Personal information
- Date of birth: 27 December 1972 (age 53)
- Place of birth: Burghausen, West Germany
- Height: 1.70 m (5 ft 7 in)
- Position: Midfielder

Team information
- Current team: FC Bayern Campus (sporting director)

Youth career
- 1976–1981: DJK Emmerting
- 1981–1990: SV Gendorf
- 1990–1991: 1860 München
- 1991–1993: FC Starnberg

Senior career*
- Years: Team / Apps / (Gls)
- 1993–1999: 1. FC Nürnberg / 186 / (25)
- 1999–2001: Bayern Munich / 19 / (1)
- 2001–2004: 1860 München / 44 / (2)
- 2004–2007: Wacker Burghausen / 76 / (1)
- 2007–2008: SpVgg Weiden / 24 / (2)
- Total:  / 349 / (31)

Managerial career
- 2008–2009: FC Ingolstadt II
- 2009: FC Ingolstadt (interim)
- 2009–2010: FC Ingolstadt
- 2011–2012: 1. FC Nürnberg II
- 2012–2013: 1. FC Nürnberg
- 2015–2017: SV Elversberg
- 2017–2018: KFC Uerdingen
- 2020: 1. FC Nürnberg (interim)

= Michael Wiesinger =

German footballer and manager (born 1972)

Michael Wiesinger (born 27 December 1972) is a German football manager and former professional player who is currently the sporting director and head of youth development at the FC Bayern Campus.

== Playing career ==
A midfielder, Wiesinger began his professional career with 1. FC Nürnberg, before joining Bayern Munich on a free transfer in 1999. He spent two years at Bayern, winning two German titles and the Champions League, but made few first team appearances before moving to Bayern's rivals TSV 1860 München, where he had previously been a youth team player. He spent two and a half years at 1860, moving on to Wacker Burghausen, his hometown club, in January 2004. He left the club in June 2007 and joined SpVgg Weiden, where he spent one year before retiring.

== Managerial career ==
=== FC Ingolstadt ===
He took up his role as coach of FC Ingolstadt's reserve team. Since 9 November 2009, he was caretaker manager of the first team before being later confirmed as manager.

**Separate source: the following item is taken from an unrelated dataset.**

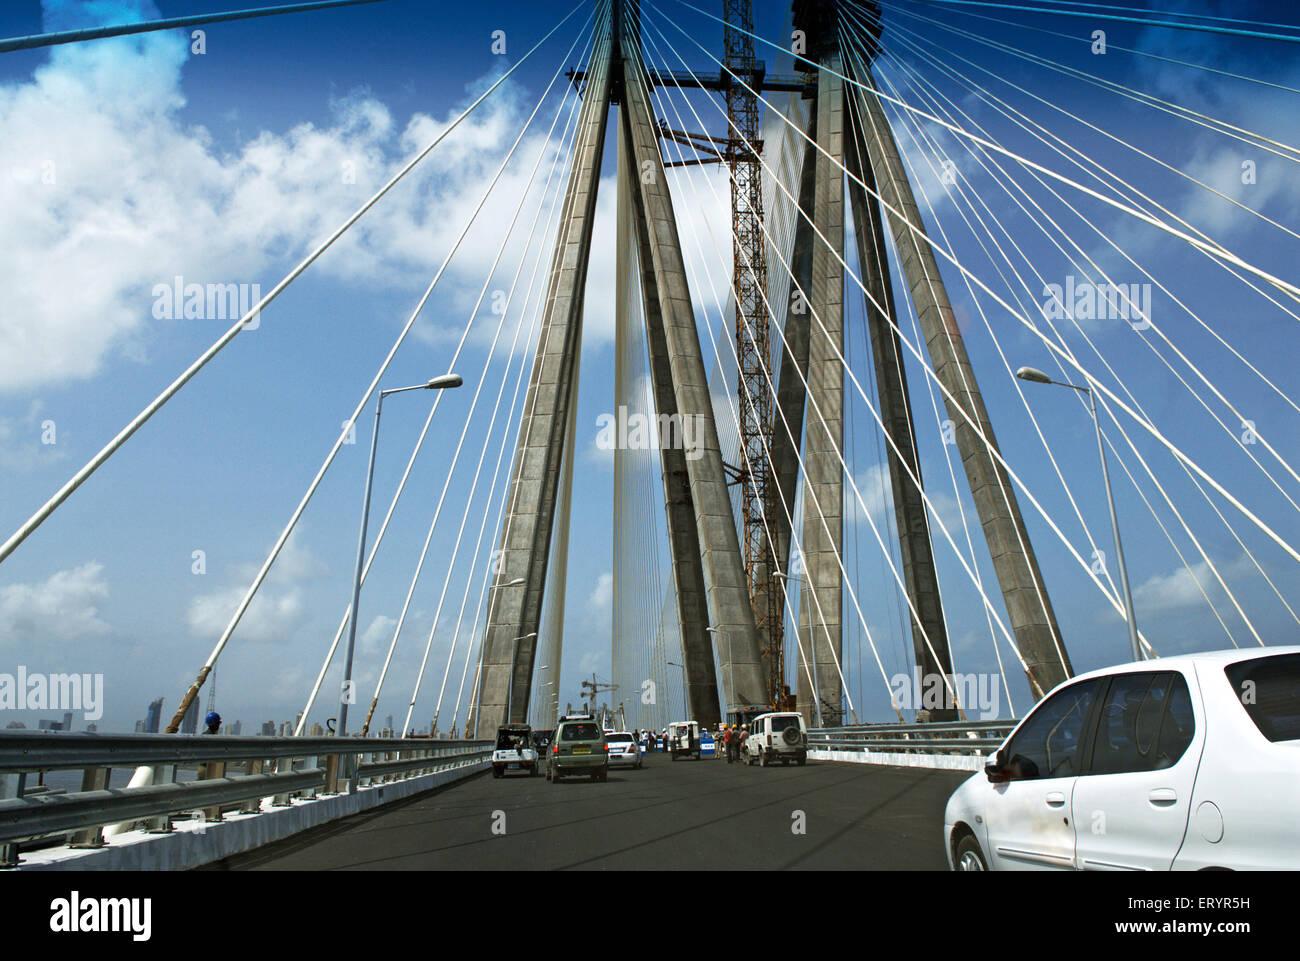 Twin carriageway of bandra worli known rajiv gandhi sea link ; Bombay Mumbai ; Maharashtra ; India 13 June 2009 - Stock Image

Almost exactly a year later, Wiesinger was sacked with Ingolstadt in 17th place in the 2. Bundesliga.

=== 1. FC Nürnberg ===
In April 2011, he returned to 1. FC Nürnberg, to take charge of the club's reserve team. He was promoted to manager of the first team in December 2012, after Dieter Hecking left to take over at VfL Wolfsburg. Wiesinger was sacked by the club on 7 October 2013, the day after a 5–0 home defeat by Hamburger SV in the 2013-14 Bundesliga. On the day of Wiesinger's sacking, the club had scored a total of only five points and remained without a win after the first eight matches of the 2013–2014 Bundesliga, and was in the third last position in the league table. "The recent games showed that no consistent upward trend is developing. It was a very difficult decision, but in the interest of 1. FC Nürnberg we feel forced to act", Nürnberg's sporting director Martin Bader said.

=== KFC Uerdingen 05 ===
In July 2017 Wiseinger became the new manager of KFC Uerdingen 05. He left the club by mutual consent on 15 March 2018 despite the club being at first place in Regionalliga West.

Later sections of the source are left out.